姜小柒不客气的一把将曹可儿推了个趔趄,还没等曹可儿缓过神来,姜小柒已经夺门而出。
“死丫头,你敢推我?反了你了!今天不抽的你皮开肉绽,我就不姓曹!”曹可儿满眼冒着凶光,抓过一根门栓就朝姜小柒追打过去。
姜小柒等的就是这个机会,迅速的跑到了姜家此时的管家人刘姨奶奶门前。这个姨奶奶年轻时极为得宠,熬死了当家奶奶后,生了三个儿子两个闺女,除了瘫子大少爷外,姜家所有的子嗣几乎都出自她的肚皮,所以她现在在府中无疑是老太太一般的地位。
姜小柒跑过来正赶上刘姨奶奶清晨在花园里散步,旁边两个漂亮的丫头扶着,身边还陪着她两个儿媳妇和一个梳着学生头的小女儿。
“姨奶奶救我!”姜小柒连鞋子都没顾得上穿,披散着头发扑到刘姨奶奶身上,顺势蹭了她一袖子鼻涕。

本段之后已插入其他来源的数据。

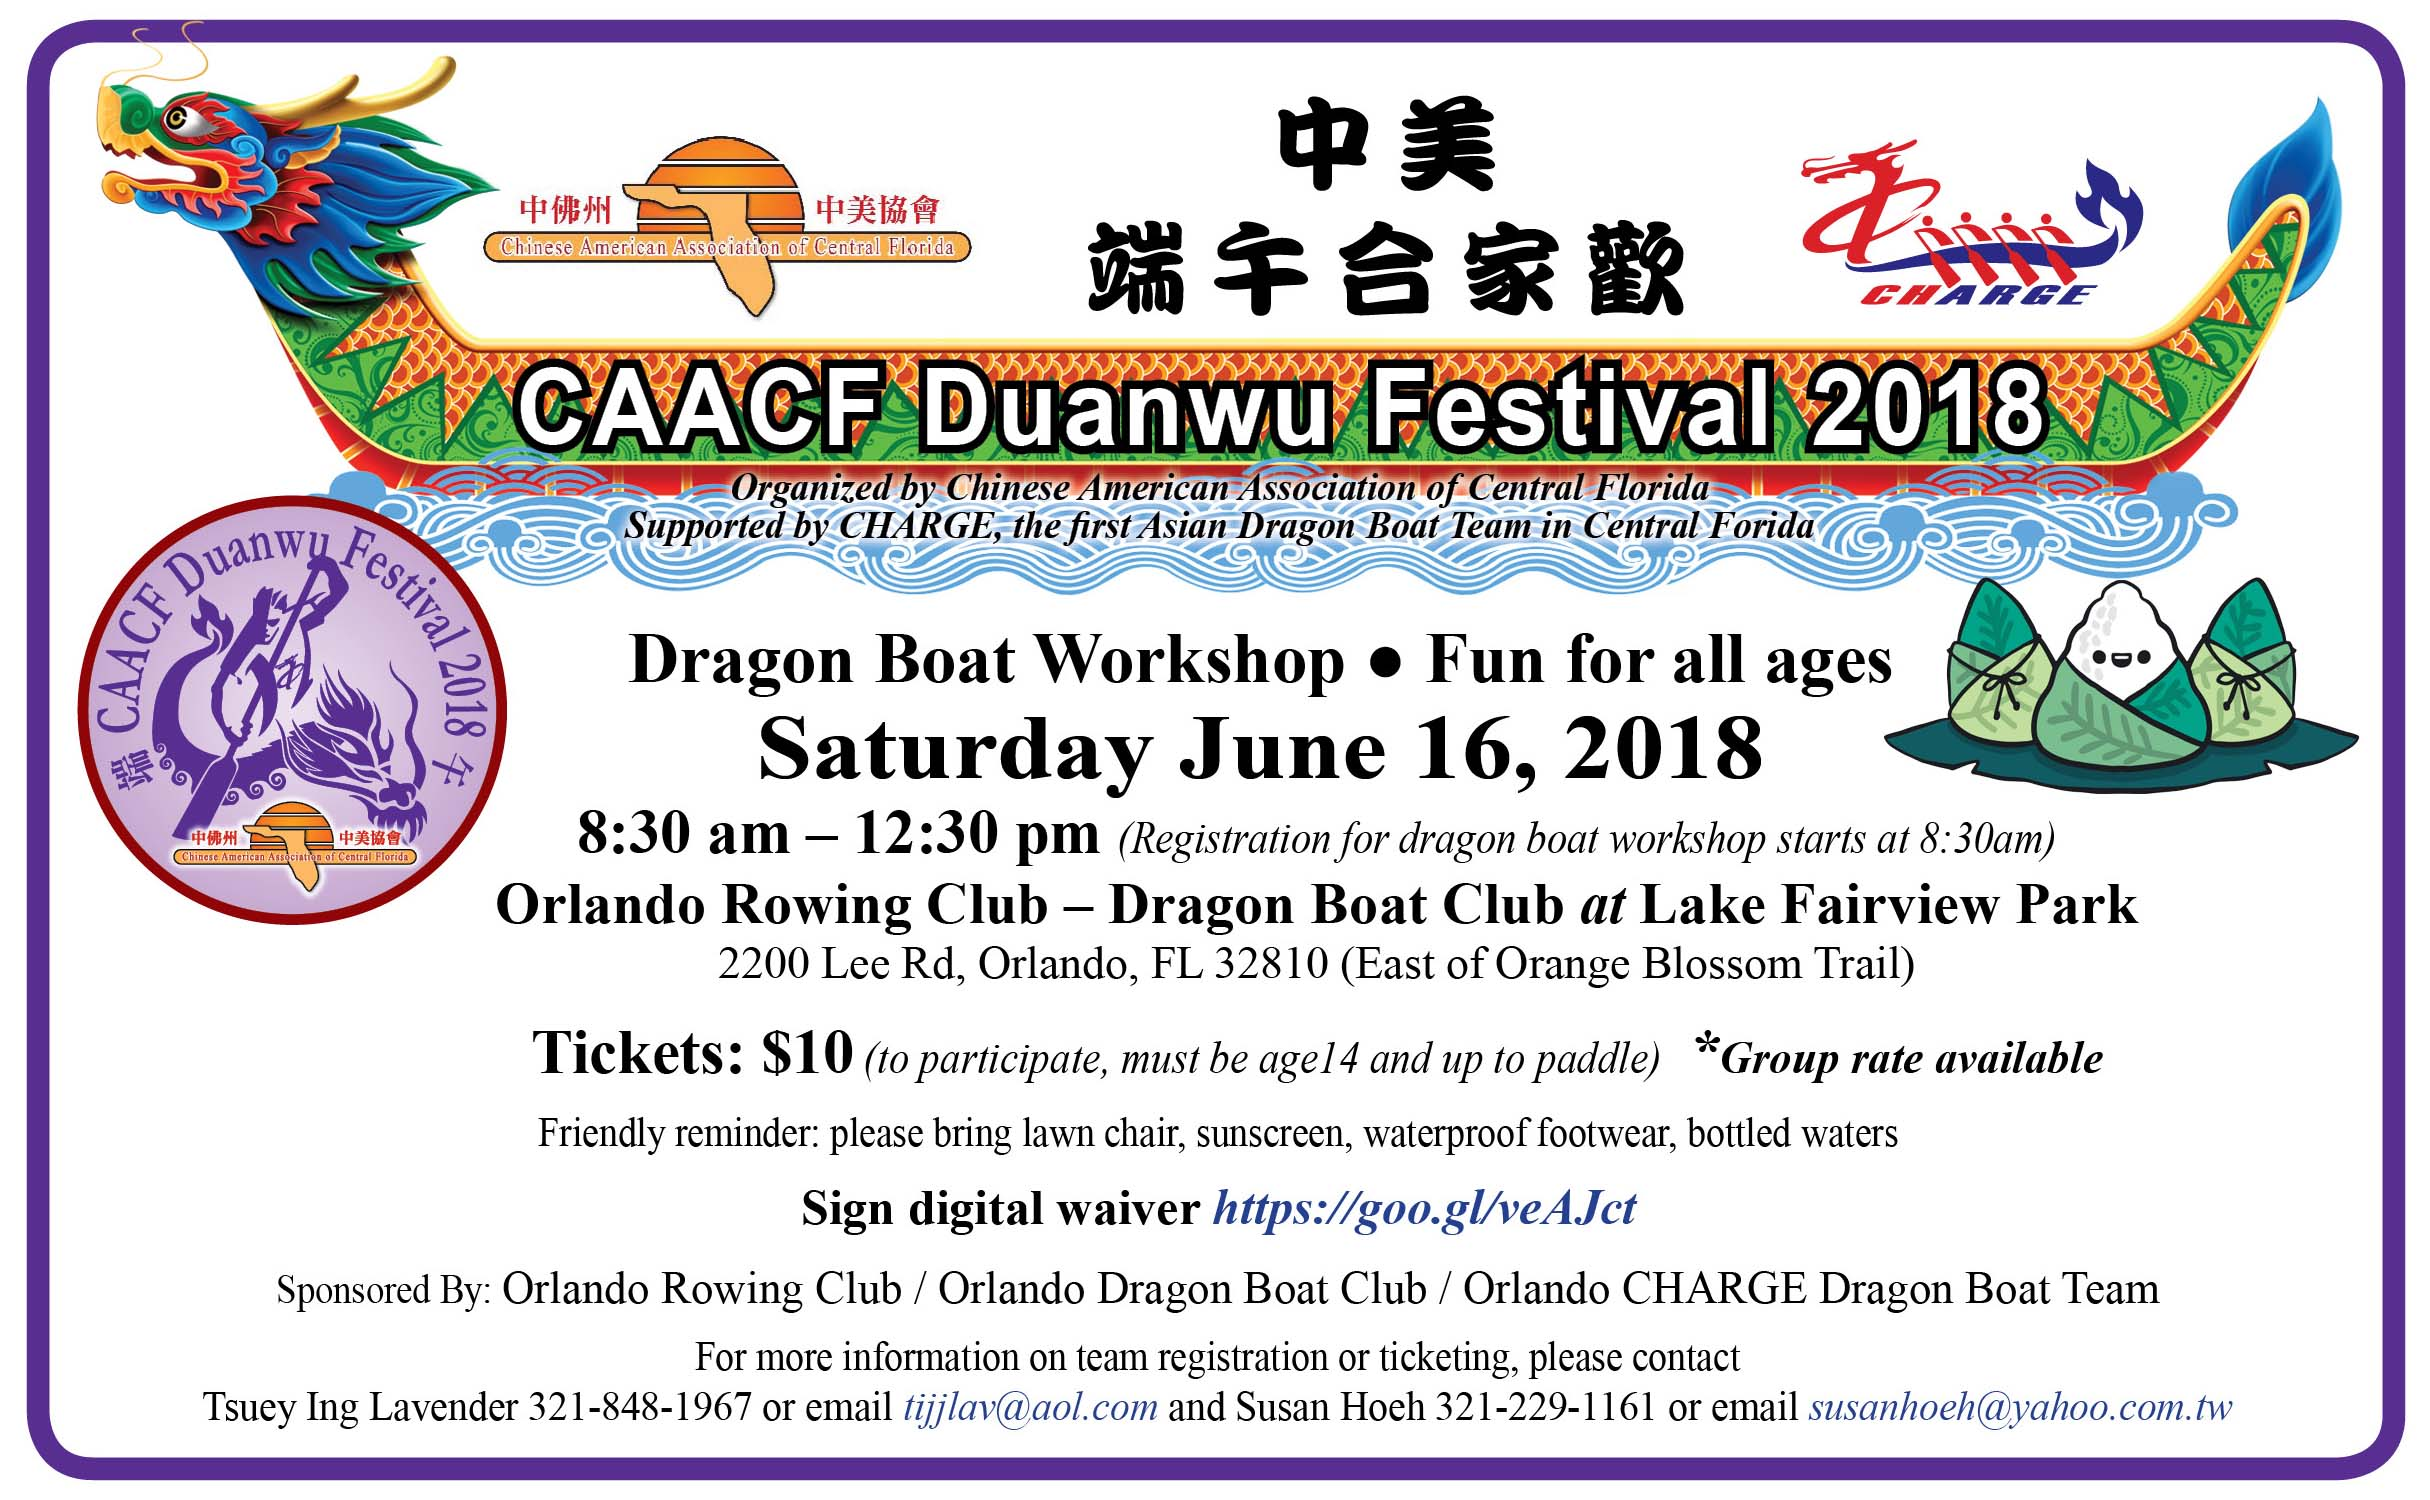 CAACF Duanwu Festival

“你这是干嘛?”刘姨奶奶惊魂未定,又看见姜小柒哭的一塌糊涂的脏脸,恶心的直扯袖子。
“姨奶奶,我娘她,我娘她疯了!”正在这时,扭着小脚跑的快要岔气的曹可儿也赶到了,看见姜小柒就如同打了鸡血一般,扬着门栓嗷嗷叫着就冲了上来。
姜小柒灵机一动,一把抱住了刘姨奶奶,大喊道:“姨奶奶小心!”曹可儿的门栓正好砸在了姜小柒的肩膀上,疼的姜小柒闷哼一声。
刘姨奶奶身边的丫头婆子拽的拽拉的拉,好容易将草可儿手中的门栓给制服了,还没等曹可儿叫出声来,姜小柒又火上加了点油,“快把她嘴堵上,她疯了见谁都咬的!”
曹可儿瞪着眼珠子刚想骂两声“小贱人”,却被一个眼疾手快的婆子一把堵住了嘴巴,用的还是那婆子用来擦汗的汗巾子,那味道,忒酸爽!
曹可儿恶心的连连作呕却根本吐不出来,姜小柒见成功制服了曹可儿,方装作疼痛难忍昏厥了过去。
因救姨奶奶有功,姜小柒头一次在姜家被重视了起来,不仅给换了一件宽敞些的屋子,连衣服、首饰都赏赐了不少。眯着眼睛看着外面忙碌着给自己熬药的丫头,姜小柒稍稍吁出一口气来。
曹可儿就惨了,全家上下都以为她反了疯症,几个膀大腰圆的婆子将她捆了扔到了柴房中,每日只给她些硬邦邦的馒头和清水充饥,任凭她怎么在里面叫屈都没人搭理她。
姜小柒稍微休养好身体便借着报恩的由头,每日到刘姨奶奶屋中伺候着,望着刘姨奶奶的眼神也满是孺幕,端茶倒水、插花训鸟姜小柒都做的头头是道,把个老太太逗的天天乐呵呵的。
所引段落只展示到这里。